Following up, Couric ask Ginsburg: "Do you believe that the five male justices truly understood the ramifications of their decision?" "I would have to say no," the diminutive yet steely Brooklyn native replied.

This isn't to say that Ginsburg has given up on her colleagues — not yet, at least.

"The justices continue to think and change so I am ever hopeful that if the court has a blind spot today, its eyes will be open tomorrow," she noted. 

"I certainly respect the belief of the Hobby Lobby owners," Ginsburg told Couric. "On the other hand, they have no constitutional right to foist that belief on the hundreds and hundreds of women who work for them who don't share that belief. I had never seen the free exercise of religion clause interpreted in such a way."

Her feisty spirit and straight talking reputation garners the respect of many. The Internet loves Ginsburg, reprinting her likeness on it t-shirts, creating the now widespread "Notorious" moniker and its related memes. She has a hashtag, "fear the frill," and a song dedicated to her Hobby Lobby dissent.

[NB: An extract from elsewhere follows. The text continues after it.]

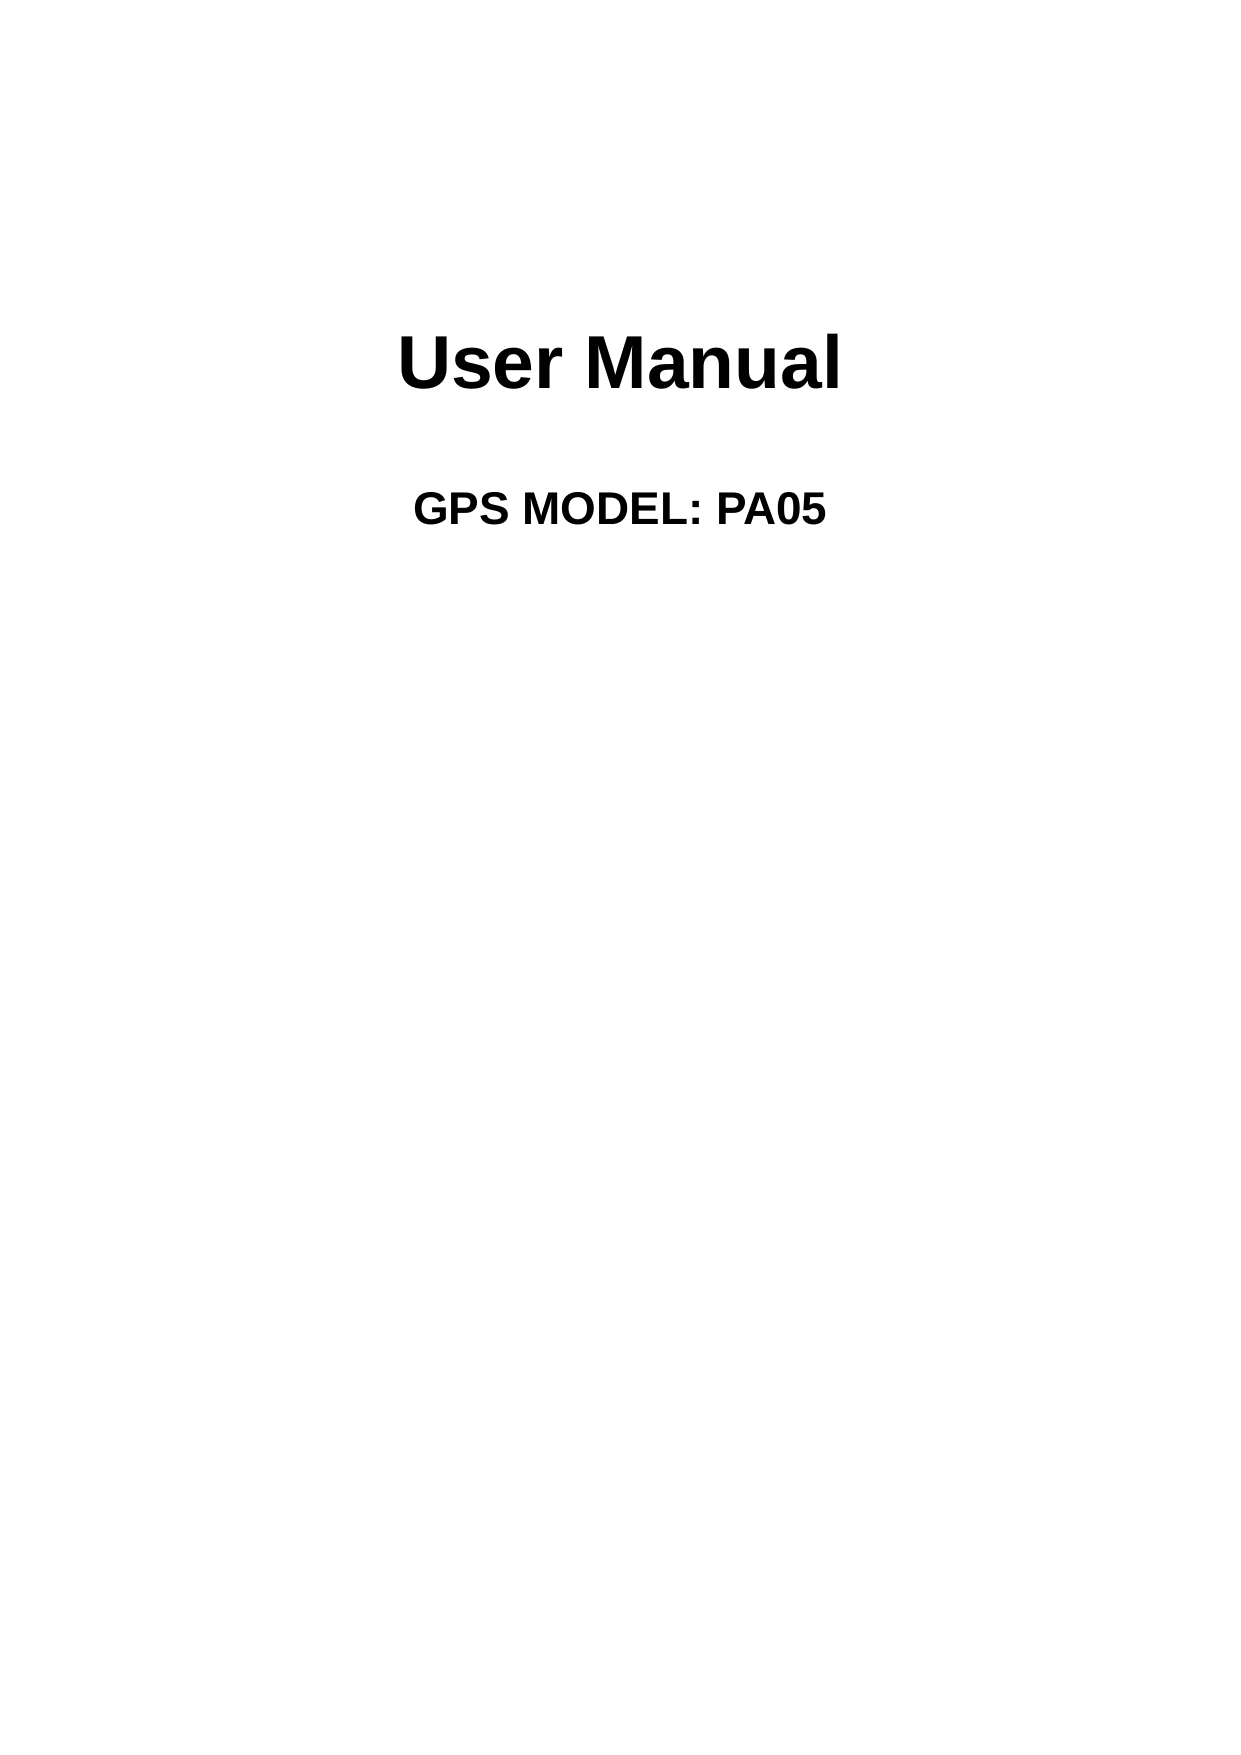    User Manual  GPS MODEL: PA05

Reaffirming why she has so many fans, Ginsburg admitted to Couric that she finds the whole meme amusing. "I will admit I had to be told by my law clerks, what's this Notorious, and they explained that to me, but the Web site is something I enjoy, all of my family do," she said on the show.

As for the future, Ginsburg assured Couric that rumors she may be retiring soon are overblown. "People know that I'm here to stay, and my answer is I will do this job as long as I can do it full steam."